Fosdick continues his critique of the bill and points out its flaws. He suggests that under the voluntary system, enlistees receive more extensive training than the eight months of mandatory training under the compulsory service bill. Fosdick suggests that the country introduce a one-year voluntary system wherein recruits receive adequate training without disrupting their lives as private citizens. Furthermore, Fosdick points out that there are no provisions in the bill that take into account the jobs draftees would leave behind when they join the military, and he expresses concern that soldiers would not have jobs to return to after the war. Fosdick believes that solutions and amendments can be devised, but he worries that congressional leaders and advocates of the bill are more concerned with the bill's quick passage than in consideration of and debate over potential problems that may arise.

Fosdick questions the need for a major military force and cites former military leaders and experts to argue that a relatively small military is adequate to defend America's coasts and borders. Unless the United States plans to expand the 1823 Monroe Doctrine (which identified North and Latin America as the primary region of security interest to the United States) to include East Asia and Europe, there is no reason for the country to dramatically increase its military. The time might come for such compulsory service, he acknowledges, but there is no immediate need in 1940. He therefore urges Congress to show great care and consideration when addressing this highly controversial bill.

Essential Themes

Secretary of War Henry Stimson and Senator James Byrnes of South Carolina (the compulsory service bill's chief advocate) were pushing for an immediate passage of the selective compulsory service bill, and Harry Fosdick needed to make the case that the situation was not as dire and urgent as these men suggested. Fosdick argued in his radio address that there was no immediate threat to the United States unless the country planned to move out of its primary regional sphere of influence and interject itself into European and East Asian affairs. Fosdick saw the bill as undemocratic, largely flawed, and unnecessary, and he believed its passage should be slowed to allow Congress to give it more careful consideration, offer substitutions and amendments, and even shelve it until a true threat was imminent.

Fosdick sharply criticized the arguments in favor of the compulsory system, and he dismissed the suggestion that a compulsory service system was more democratic than a volunteer-based system. The proposed recruitment system was akin to that which existed under a totalitarian regime, not a free, democratic system, he argued. Additionally, the argument that the voluntary system was woefully inadequate was incorrect. In times of peace, he said, voluntary conscription was effective, gave soldiers the necessary training with minimal disruption to their private lives, and was adequate for defending America from invasion.

Furthermore, Fosdick asserted that the push for immediate action, and thereby virtual suspension of debate and amendments, was unnecessary. The bill's flaws could have long-term, negative effects on the military and the American way of life.
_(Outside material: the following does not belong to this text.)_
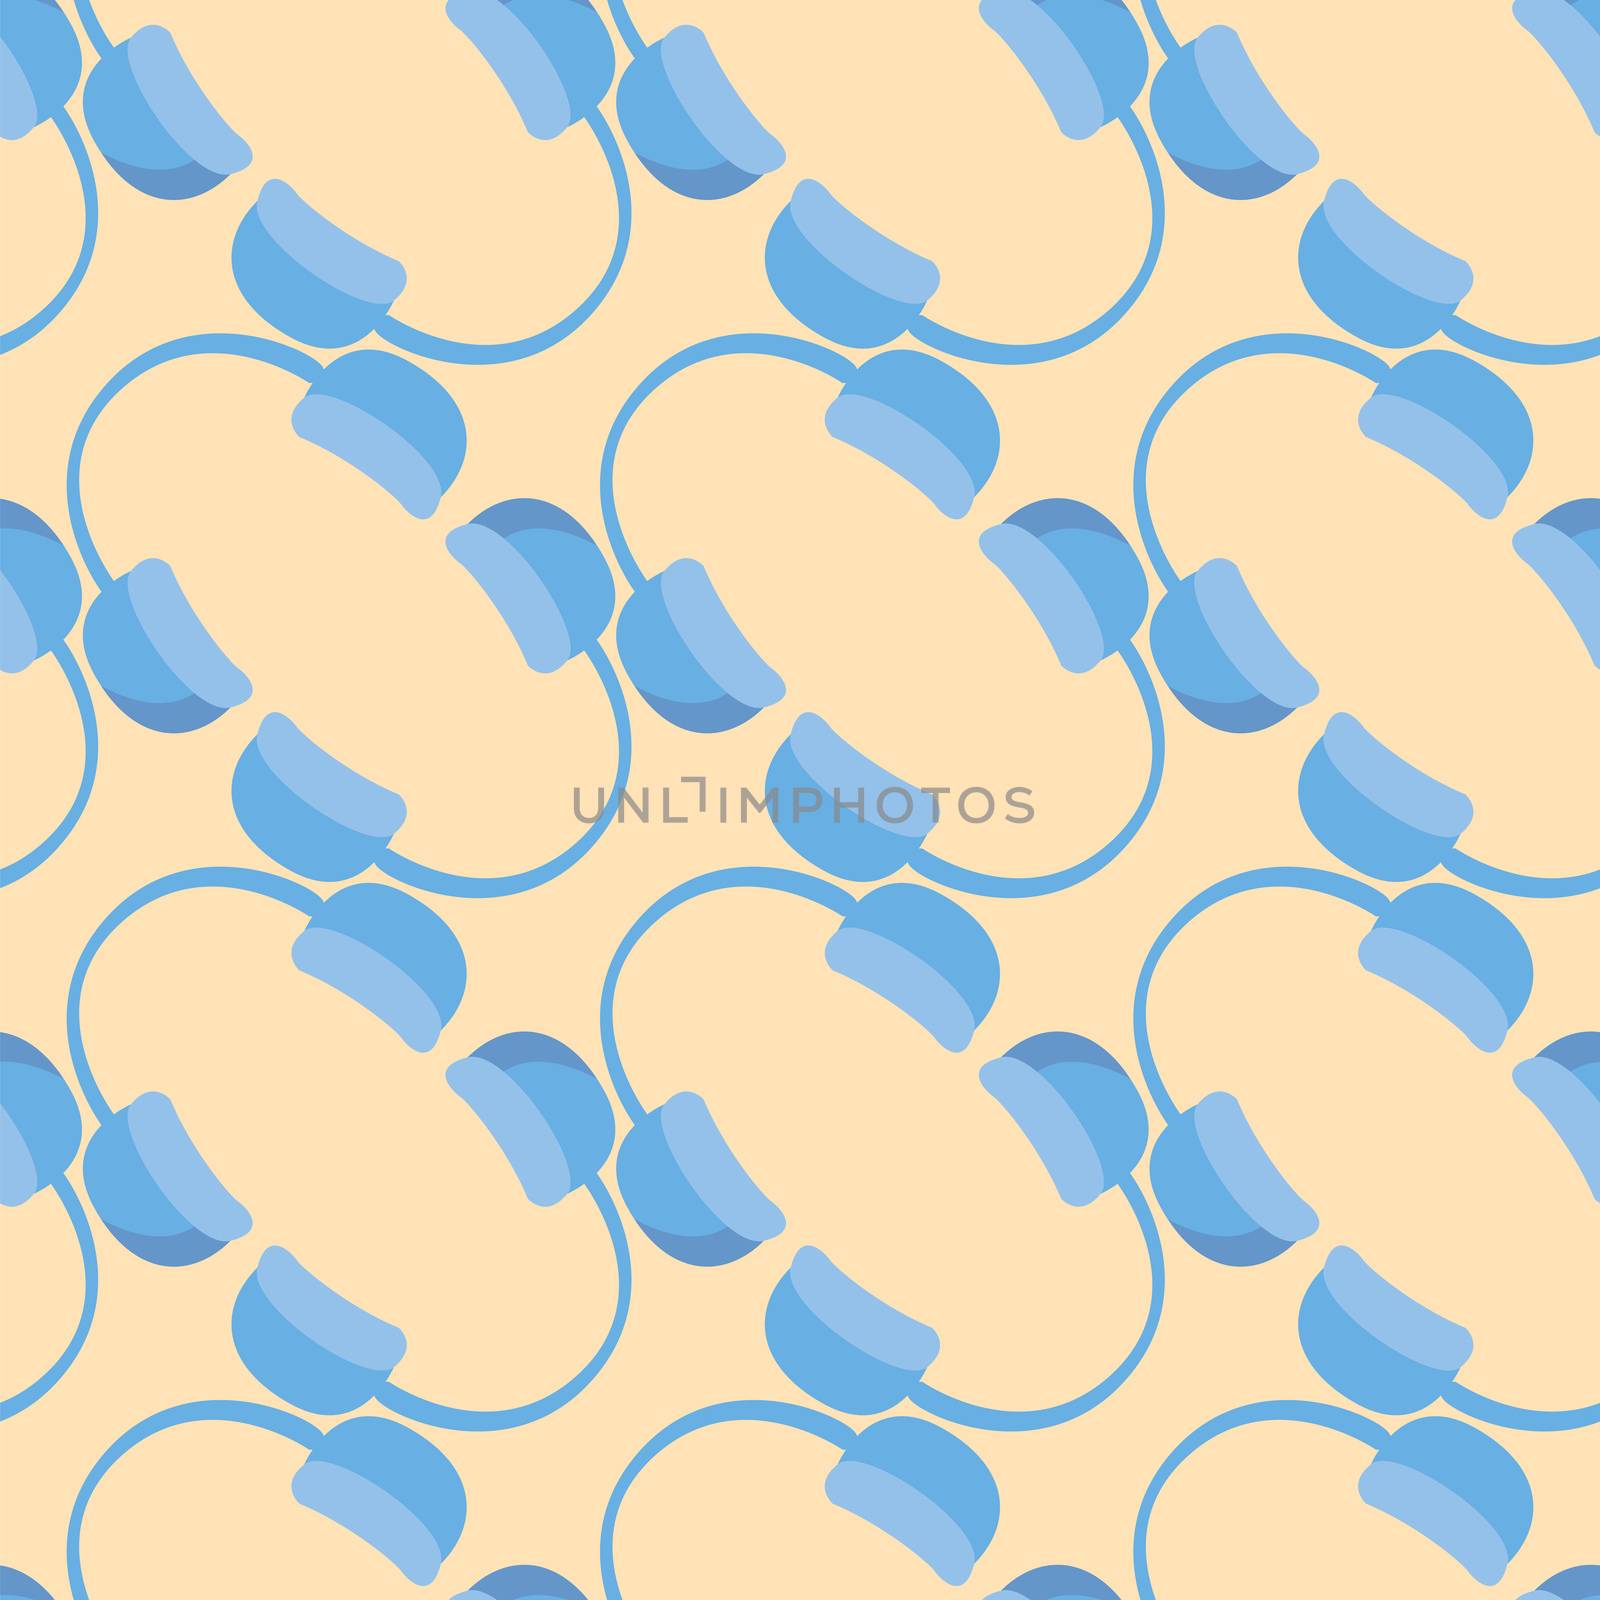 Earphones pattern , illustration, vector on white background

He suggested that industry and manufacturing would be disrupted and soldiers poorly trained, and since no declaration of war had been issued, there was no immediate threat from Europe or Asia and there was no need for such a large-scale force to be established at that time. A threat might come later, he said, but at the present, there was no need to push through a problematic bill without any input from the public or the leaders sworn to serve the country's best interests.
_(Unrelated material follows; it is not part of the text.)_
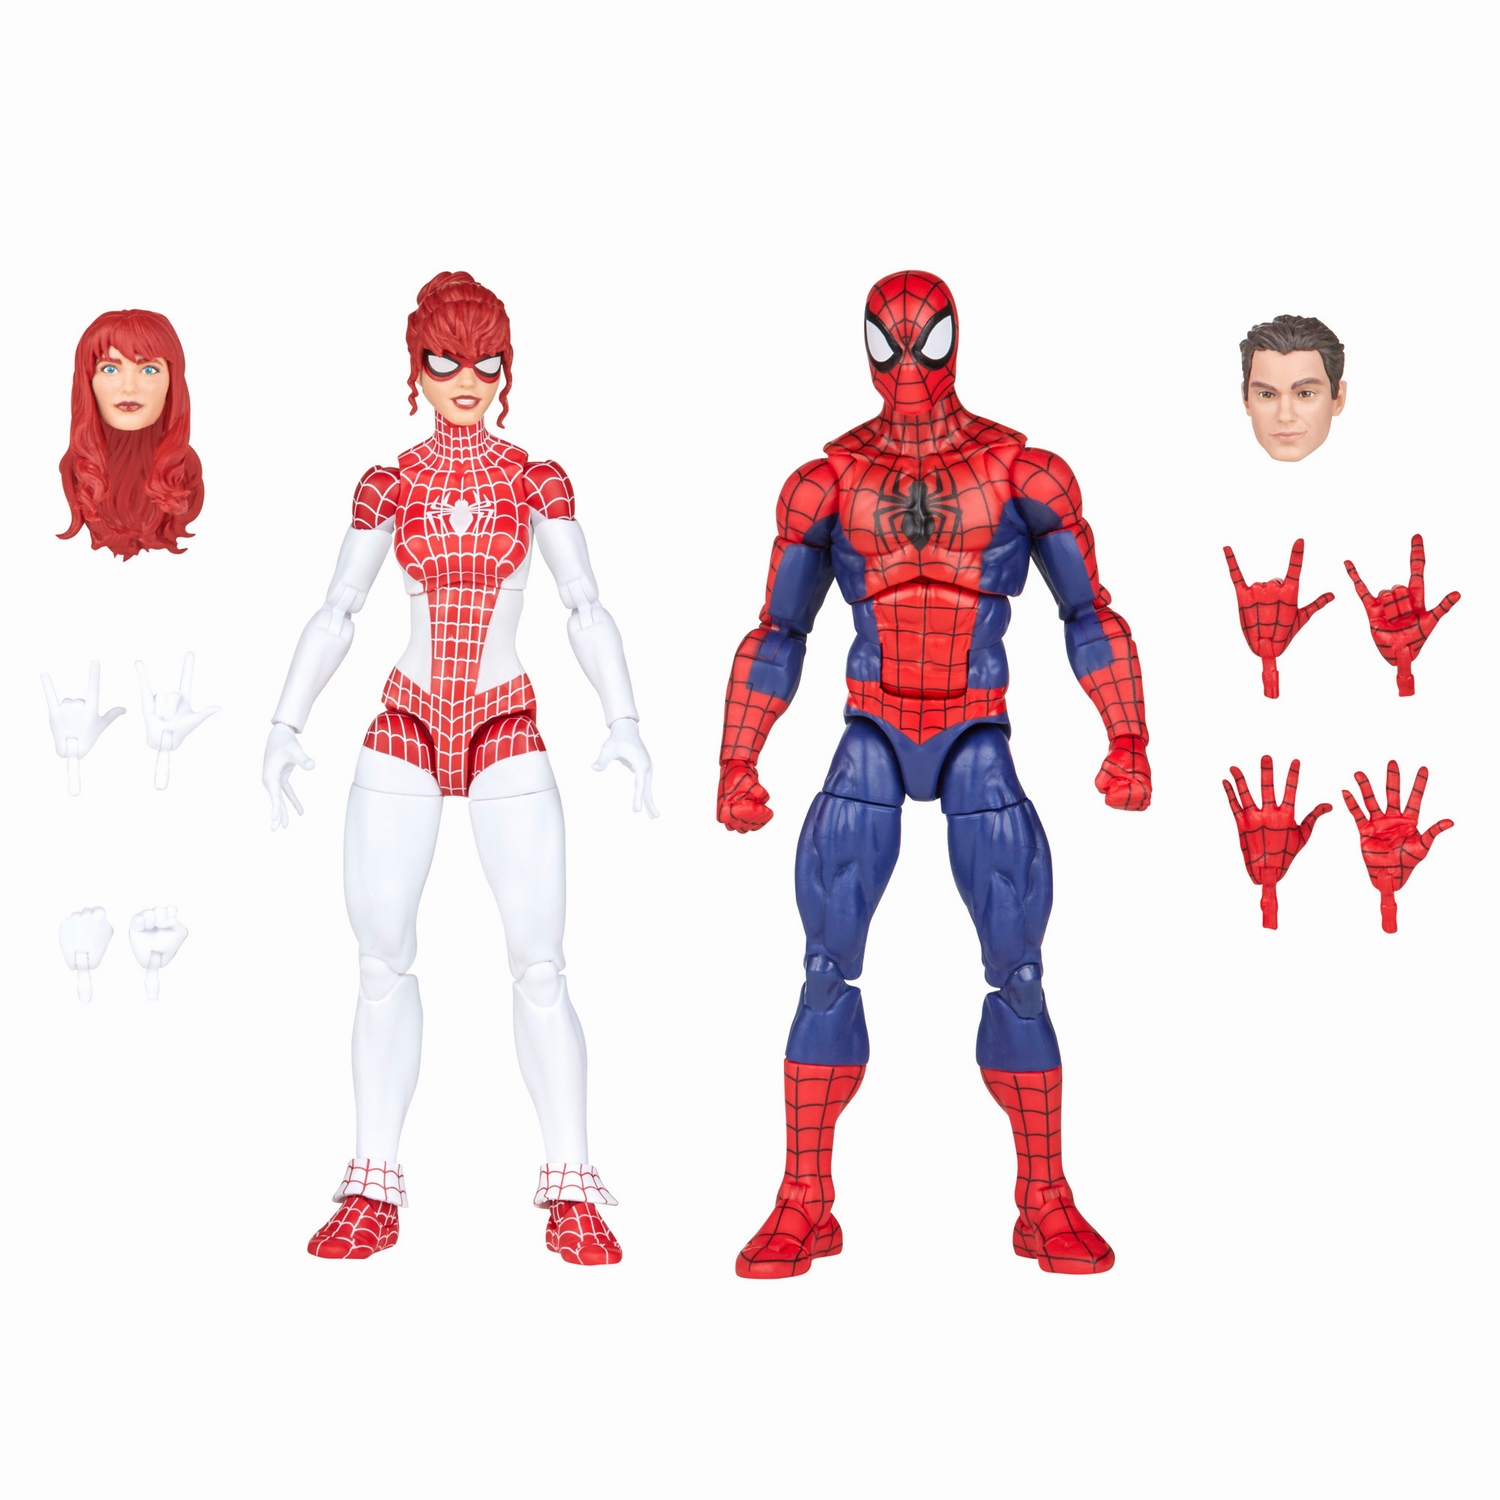 Marvel Legends Series Spider-Man and Marvel’s Spinneret - Image 23.jpg

Bibliography and Additional Reading
  • Chambers, John Whiteclay. Draftees or Volunteers: A Documentary History of the Debate over Military Conscription in the United States, 1787–1973. New York: Garland, 1975. Print.
  • “Fosdick, Harry Emerson (1878–1969).” Martin Luther King, Jr. and the Global Freedom Struggle. Stanford University, n.d. Web. 31 Oct. 2014.
  • Miller, Robert Moats. Harry Emerson Fosdick: Preacher, Pastor, Prophet. New York: Oxford UP, 1985. Print.
  • Oxford, Edward. “The Draft.” American History 29.4 (1994): 30–43. Print.
  • Stimson, Henry L. “Our Duty Is Clear: Compulsory Service Must Be Adopted.” Vital Speeches of the Day 6.21 (1940): 647–48. Print.